__DATASET CONTENT__.
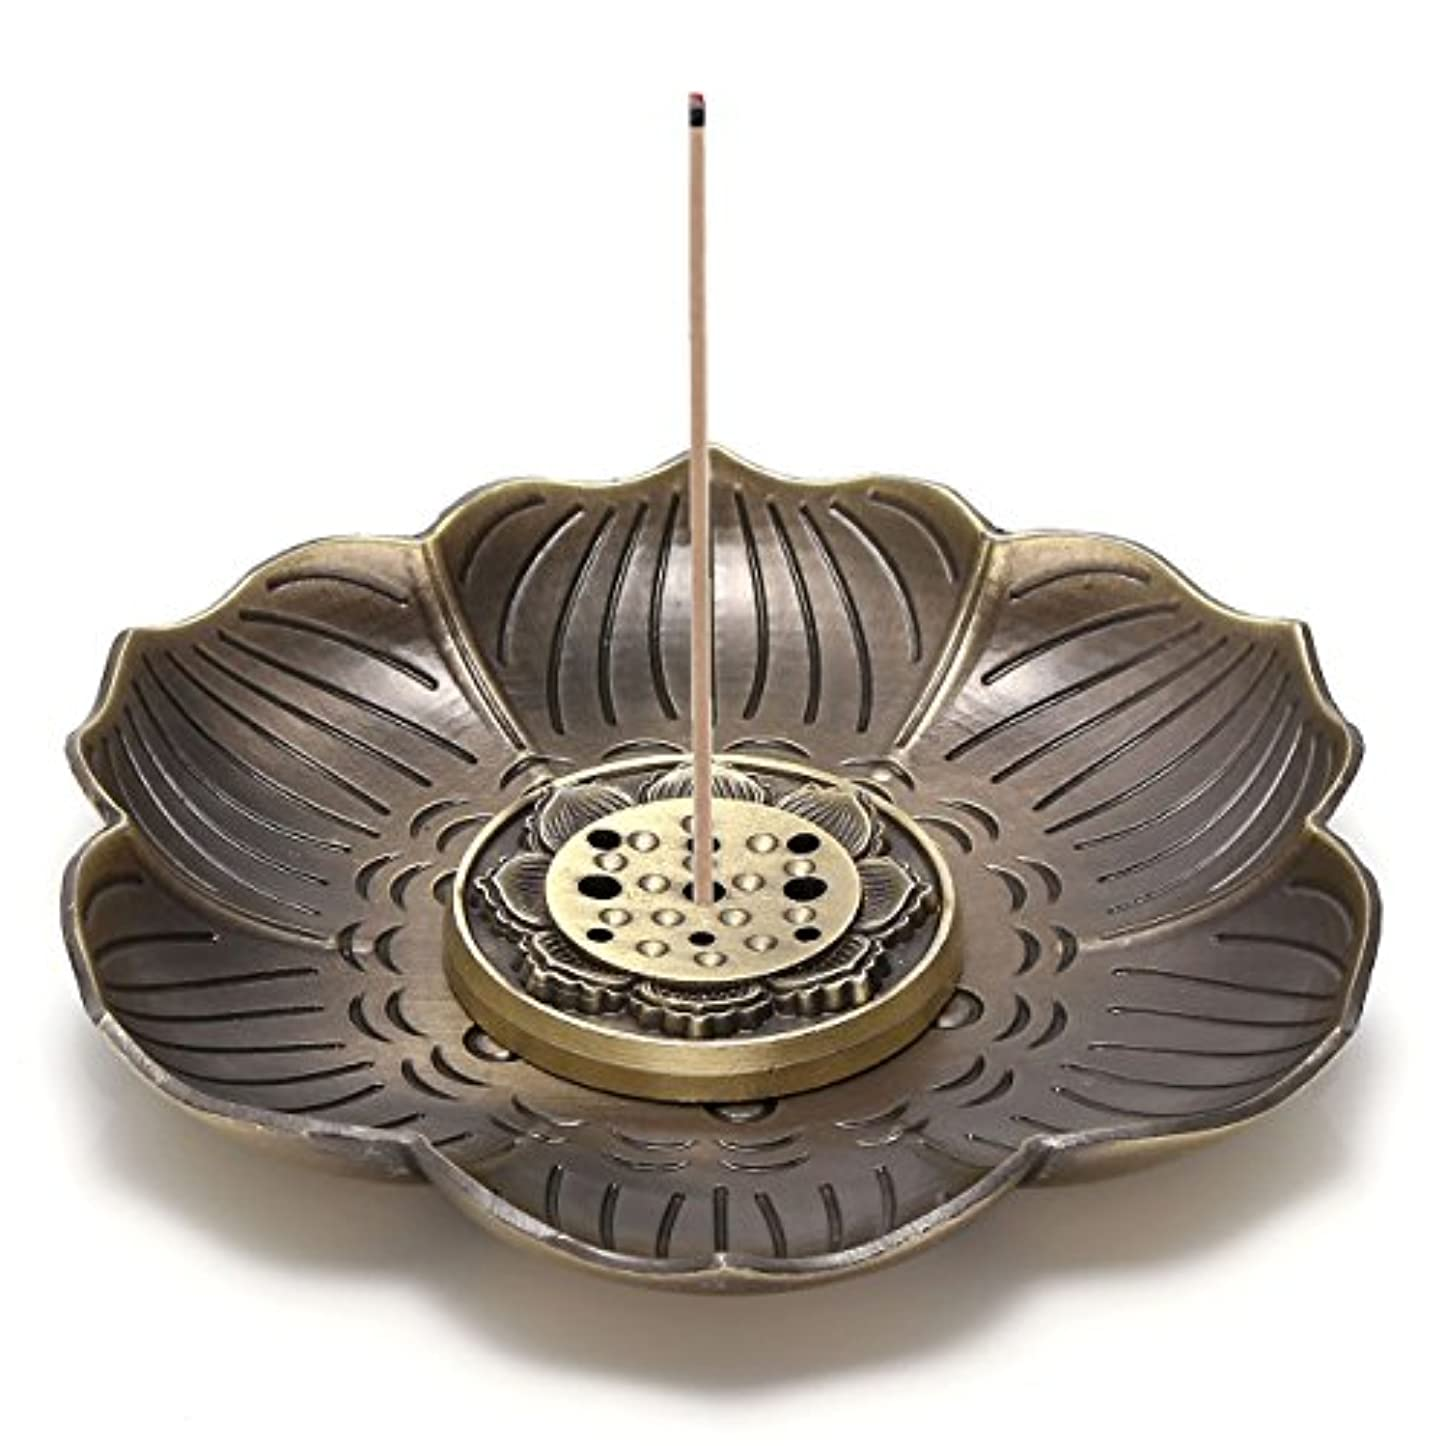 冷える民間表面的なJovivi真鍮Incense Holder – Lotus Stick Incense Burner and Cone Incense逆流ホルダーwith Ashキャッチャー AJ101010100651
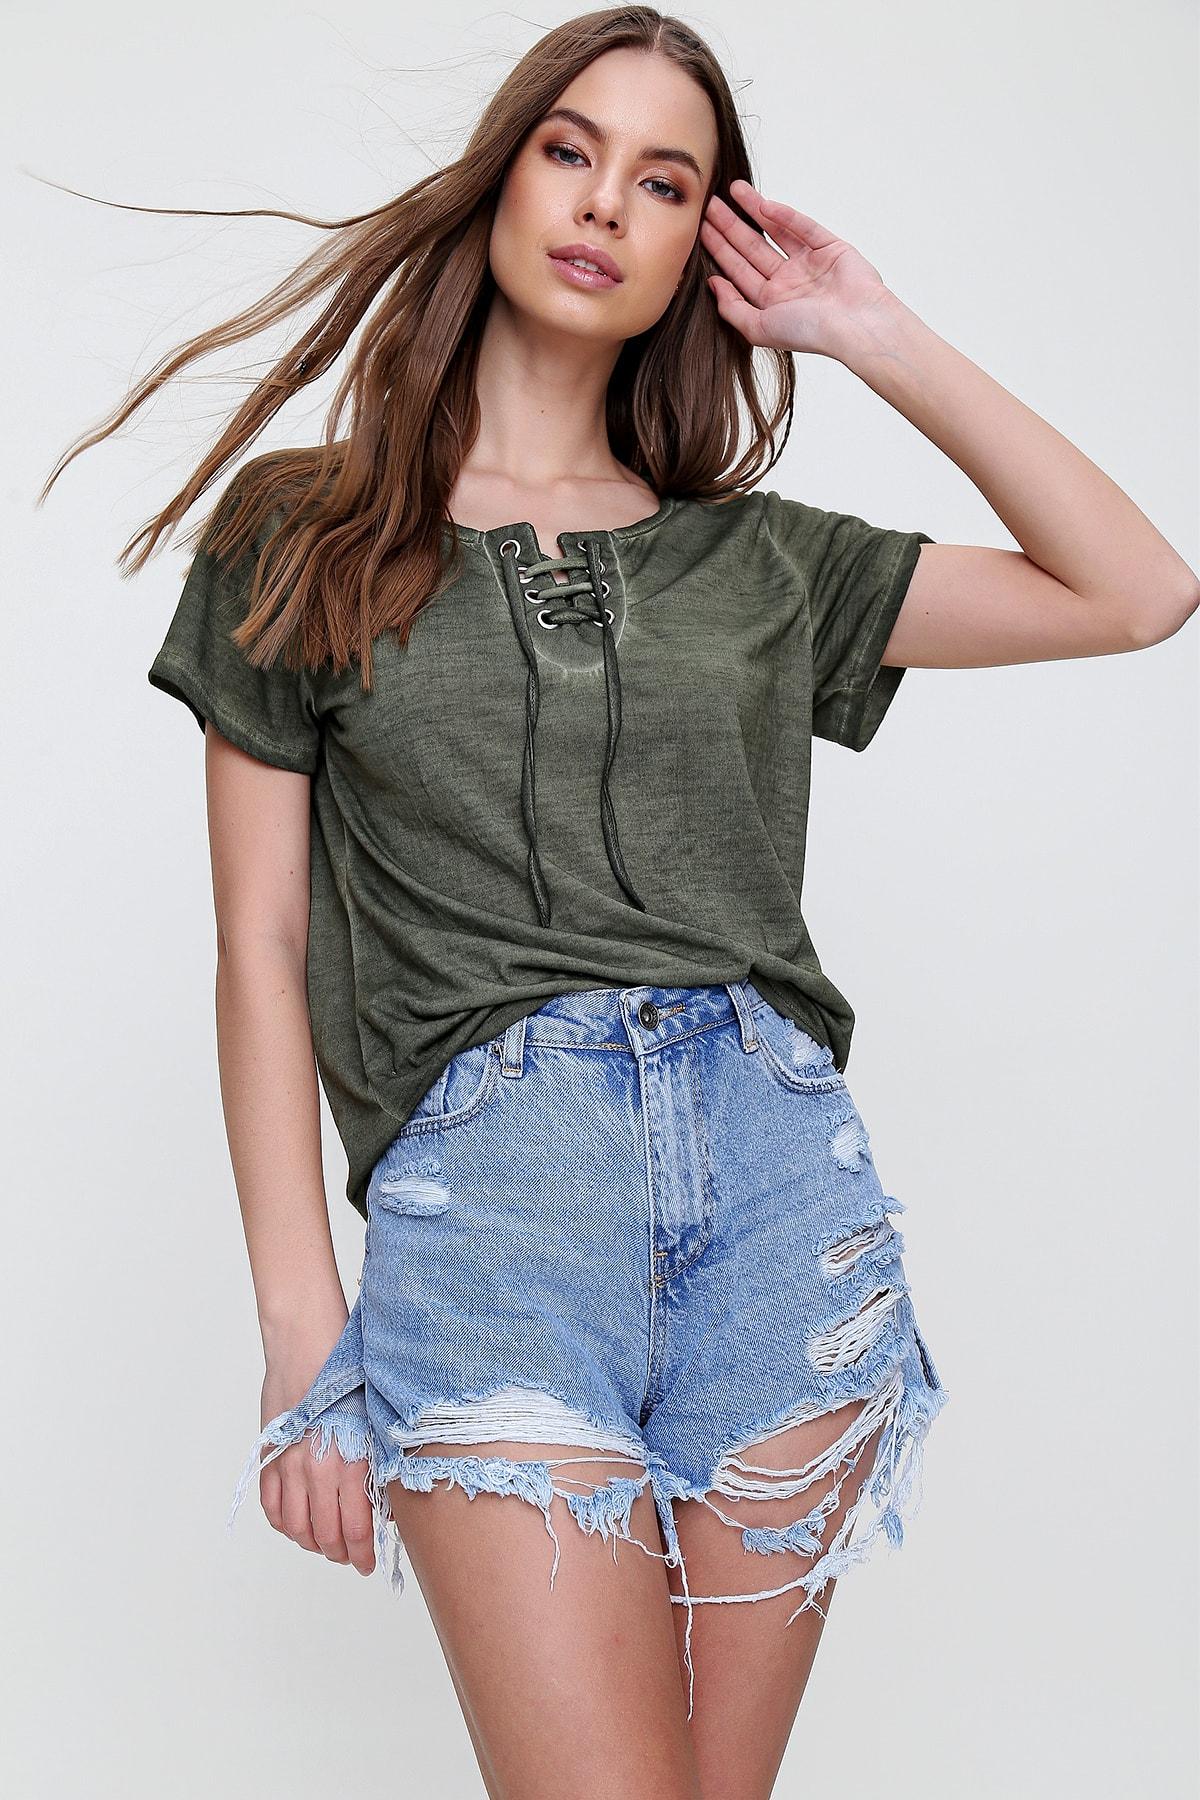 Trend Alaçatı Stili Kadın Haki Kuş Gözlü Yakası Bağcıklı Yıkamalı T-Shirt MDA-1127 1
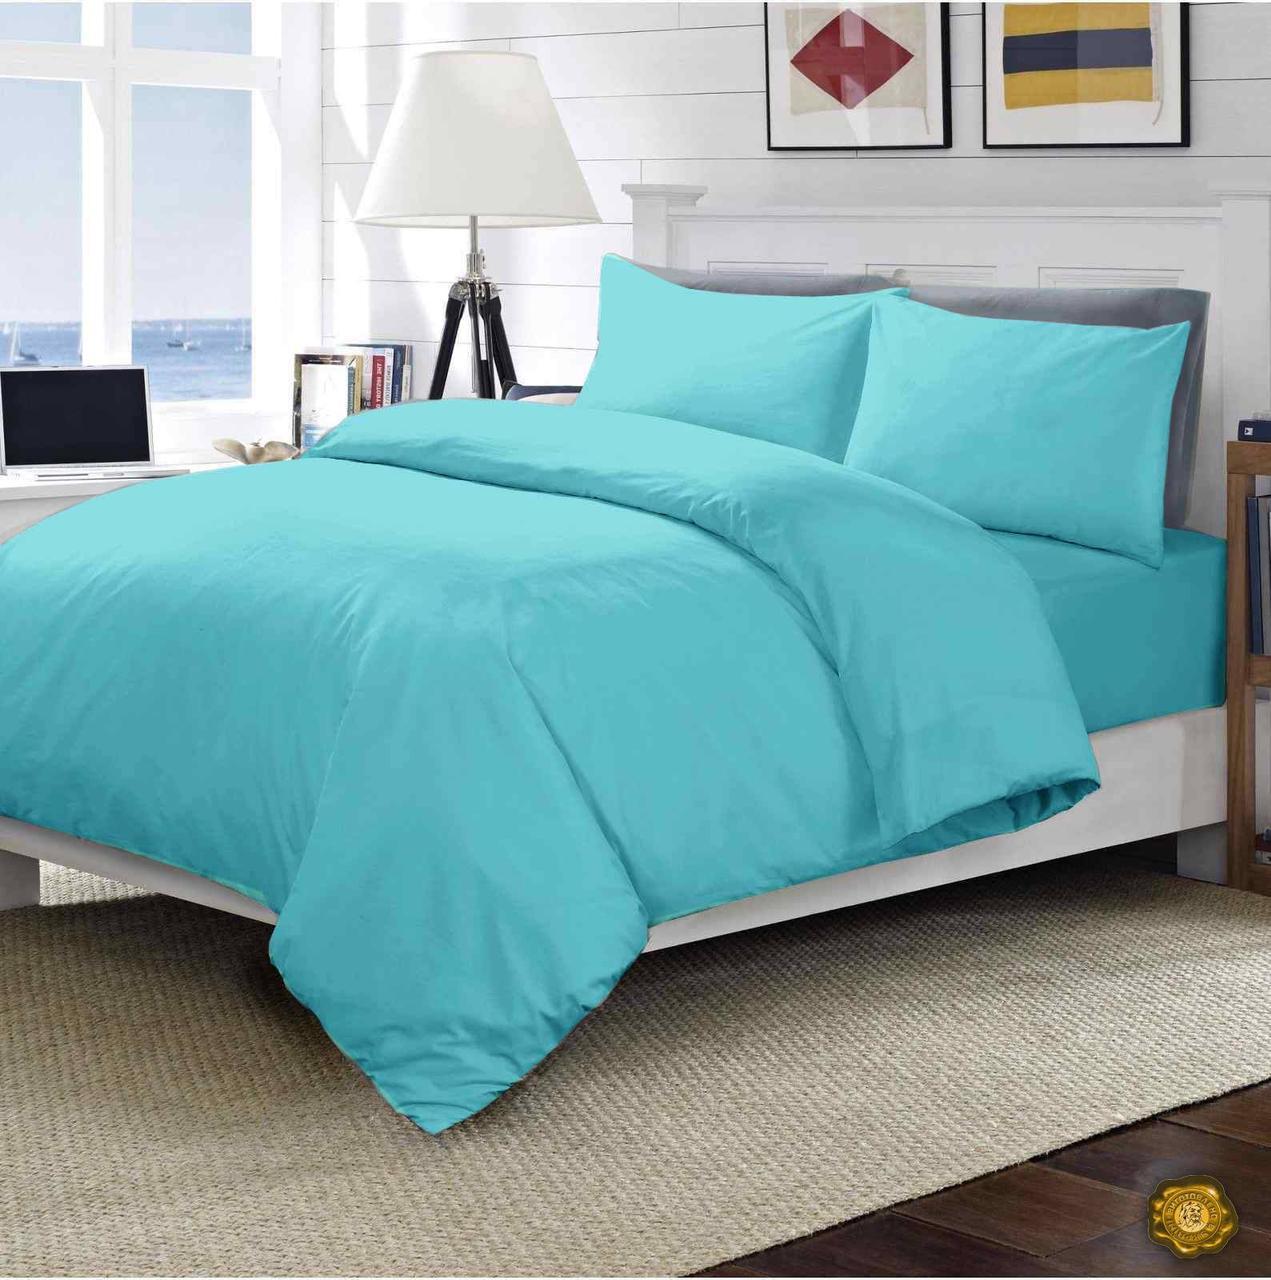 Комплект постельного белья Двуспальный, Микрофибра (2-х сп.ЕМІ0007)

__WORK INSTRUCTION__.
Your task is to output the material word for word while leaving out every image.

__EXERCISE ANSWER__.
 冷える民間表面的なJovivi真鍮Incense Holder – Lotus Stick Incense Burner and Cone Incense逆流ホルダーwith Ashキャッチャー AJ101010100651
 Trend Alaçatı Stili Kadın Haki Kuş Gözlü Yakası Bağcıklı Yıkamalı T-Shirt MDA-1127 1
 Комплект постельного белья Двуспальный, Микрофибра (2-х сп.ЕМІ0007)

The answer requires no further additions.